Study authors Katherine Milkman of The Wharton School at the University of Pennsylvania, Modupe Akinola of Columbia University’s Columbia Business School and Dolly Chugh of the Leonard N. Stern School of Business at New York University sent mentor requests via e-mail to over 6,500 professors at 259 schools while researching the issue. In the messages, they used fake names that were indicative of the imaginary senders’ genders or ethnicities.

It was through responses to those e-mails – or rather, a lack thereof – that the team was able to observe patterns of bias.

“We found that faculty ignored requests from women and minorities at a higher rate than requests from Caucasian males, particularly in higher-paying disciplines and private institutions,” the abstract summary of the study states.

Milkman discussed these findings on NPR’s “Morning Edition.”

“The very worst in terms of bias is business academia. So in business academia, we see a 25 percentage point gap in the response rate to Caucasian males vs. women and minorities,” she said.

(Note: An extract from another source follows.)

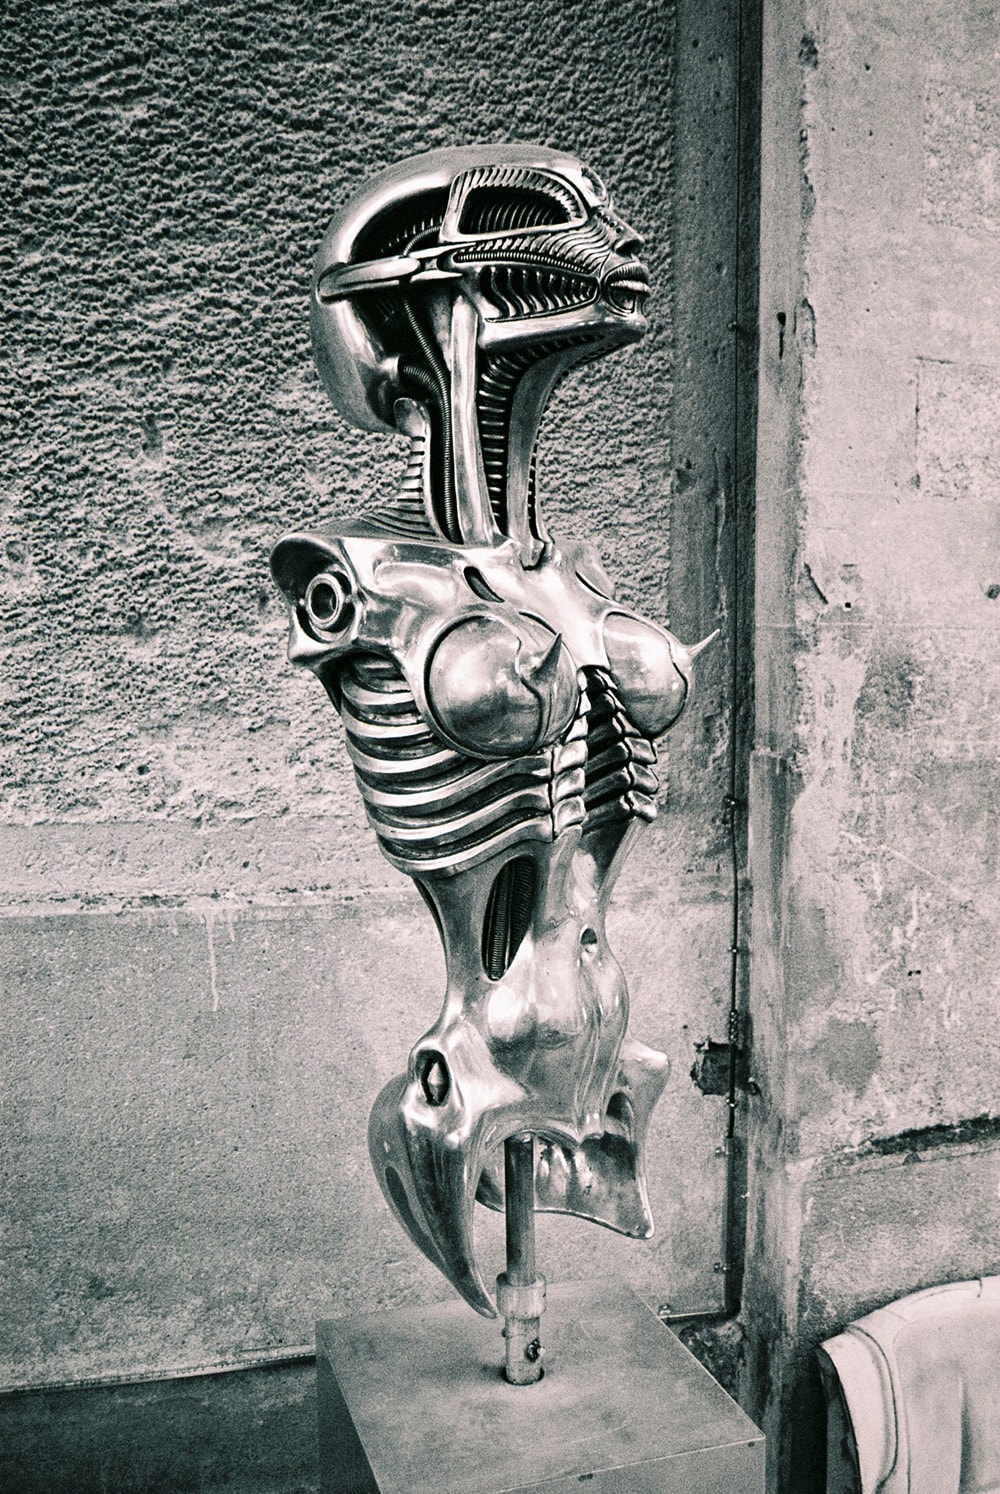 人間の肉体のパーツと、機械的造形とを融合した「バイオメカノイド」の作品。©HR Giger Museum

Milkman additionally noted that the fictional female and minority students who attempted to meet with professors in the same demographics as them also suffered from an inability to forge such relationships.

“There’s absolutely no benefit seen when women reach out to female faculty, nor do we see benefits from black students reaching out to black faculty or Hispanic students reaching out to Hispanic faculty,” Milkman told the hosts of the show.